The massive puncher took just five minutes to smash Berbick to bits. In the process, he overhauled the excellent Floyd Patterson’s record and struck terror into the hearts of the boxing world.

Instant A-list celebrity status hit Tyson almost as hard as the ferocious fighter concussed Berbick. The new champion would rule with an iron fist and a nickname to match his incredible persona.

‘Iron’ Mike spent four years as an unbeatable and invincible force in the sport. He arguably could have ruled for a decade or more had outside influences and problems not reared their ugly heads.

Womanizing, out of the ring partying, promoter Don King’s increasing influence, and a messy marriage didn’t help Tyson’s frame of mind. It wasn’t long before it all came crashing down.

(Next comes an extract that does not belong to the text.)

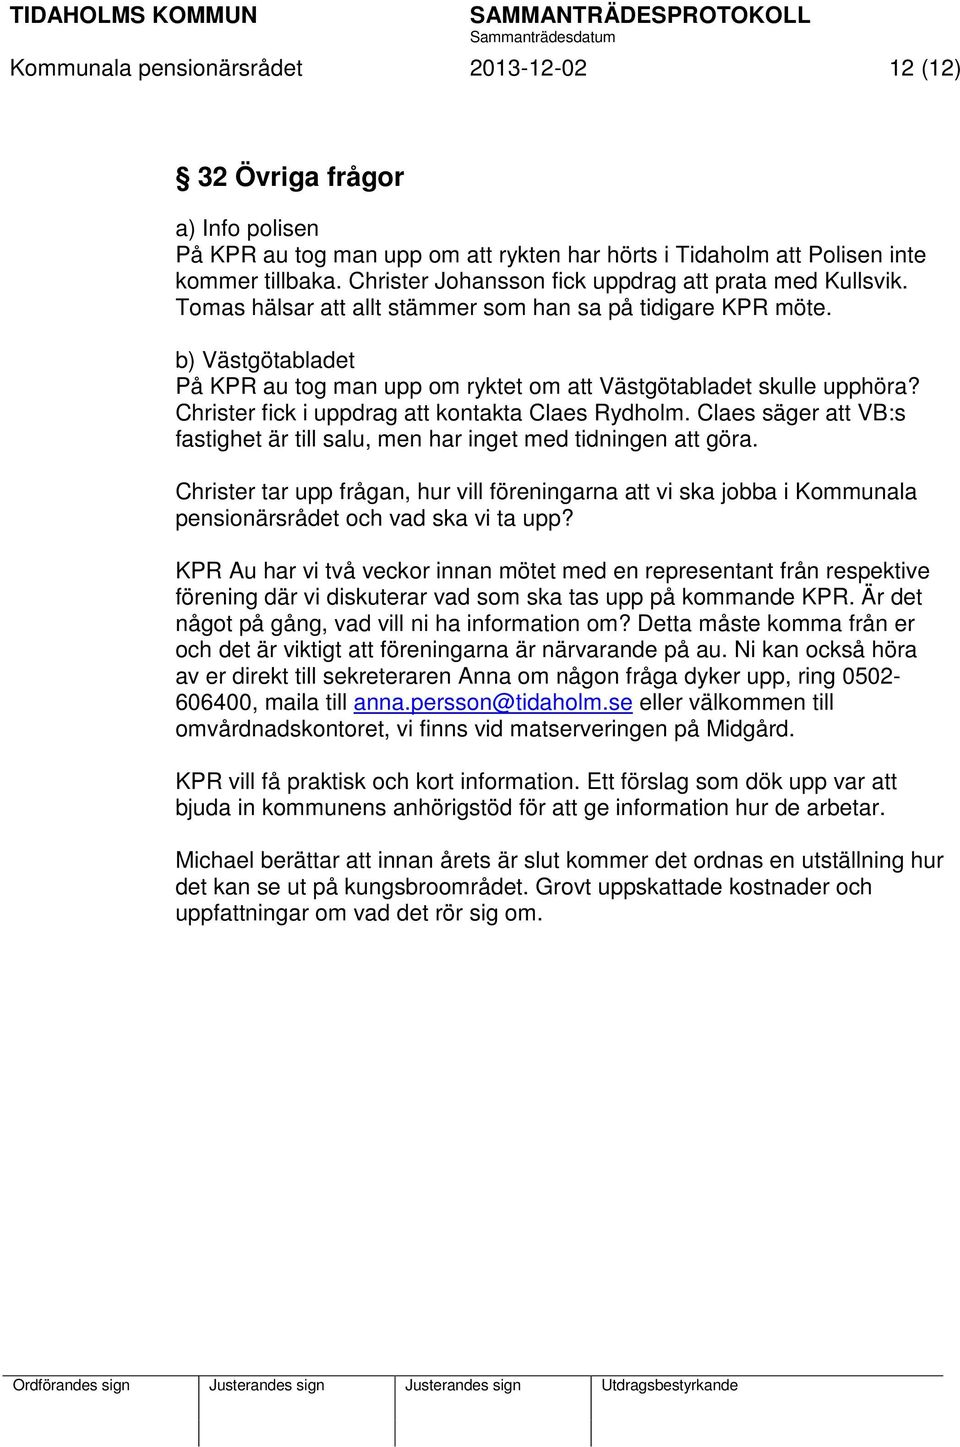 b) Västgötabladet På KPR au tog man upp om ryktet om att Västgötabladet skulle upphöra? Christer fick i uppdrag att kontakta Claes Rydholm.

A now-infamous 1990 loss to James ‘Buster’ Douglas, in which Tyson should have been awarded an eighth-round knockout win following an extra-long count, suddenly put the brakes on a reign up there with the most formidable around. It will hopefully forever overshadow some of the more notorious shenanigans that followed in the years to come.

‘The Baddest Man on The Planet’ was the moniker given to Mike Tyson by the press. A fitting nickname for the man who was absolute in that capacity until one fateful night at the Tokyo Dome in Japan.